Clinical application of a fractal analysis for trabecular quantification by CMR in LVNC. It is noteworthy how in healthy hearts, it is the mid-LV that holds the greatest fractal complexity (papillary muscles), a fact that is commonly overlooked as the more intricately trabeculated apex commonly distracts. LVNC = left ventricular noncompaction. Authorization for this adaptation has been obtained both from the owner of the copyright in the original work [8] and from the owner of copyright in the translation or adaptation (JCMR)

Whether to measure endocardial complexity or any other imaging feature of interest, all novel CMR fractal tests will invariably need to satisfy the usual STAndards for the Reporting of Diagnostic accuracy studies (STARD) [36]. To become useful clinical tools, they will need to pass the 15 developmental “check-points” [37]. Table 2 underscores how two efforts in this field are still some way off from clinical utility (e.g., the further developed of the two is at step 11—development of normal reference values).

Table 2 The 15 steps needed to turn a fractal tool in a clinically valid test (also considering STARD [39] criteria)

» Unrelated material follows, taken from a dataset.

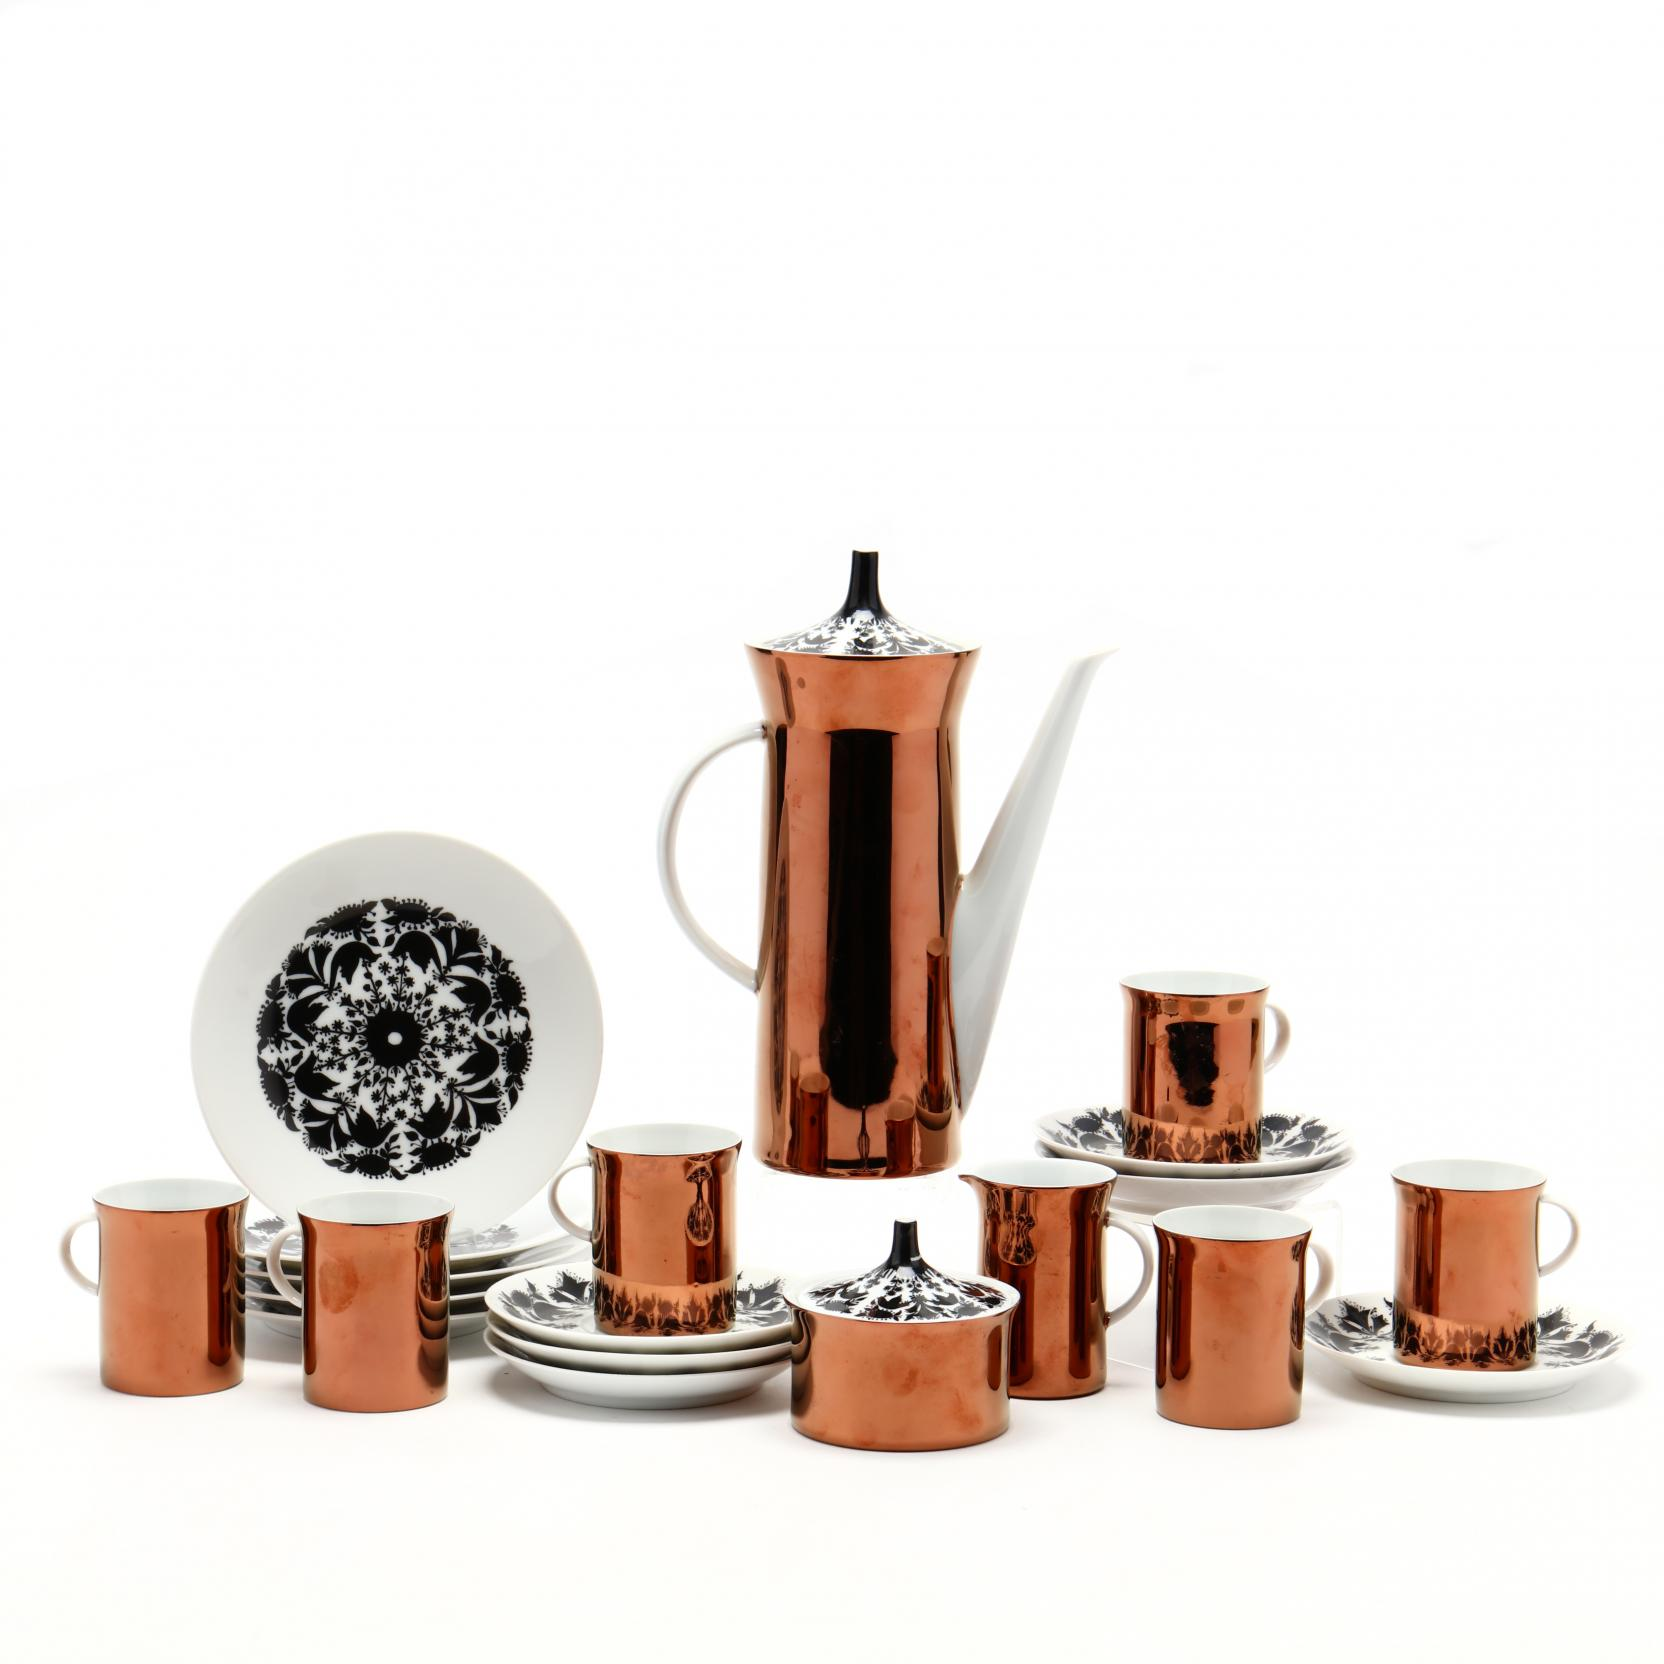 rosenthal-hilton-studio-line-porcelain-dessert-set

Nonetheless, on the broader frontier, there is reason for optimism with regard to developing useful CMR applications in the future. We think that potential, as yet untested applications could include such things as textural analysis to quantify scar in late gadolinium enhancement images; spatiotemporal analysis to track cardiac motion of cine objects; stochastic fractal models [38] to study nonperiodic fluctuations in physiological parameters in MR flow data; and fractal analysis in general to aid pattern recognition in pixel-wise parametric mapping.

Conclusions

Although the description of modern fractal analysis by Mandelbrot occurred more than 40 years ago and in spite of clinical practice bringing us face to face with multifarious fractal features daily, the CMR community is only beginning to evaluate potential applications of fractal analysis to cardiac imaging. This review reminds us of the accessibility of fractal mathematics and methods and aspires to attract more cardiac imagers to the library of efficient fractal analysis tools available, as well as invite them to innovate. A deeper fractal exploration of the human heart by CMR has the ability to teach us new facts relating to cardiac function, haemodynamics and tissue characterisation. With additional validation, software tools based on fractal analysis may ultimately prove to have clinical utility in the field of CMR.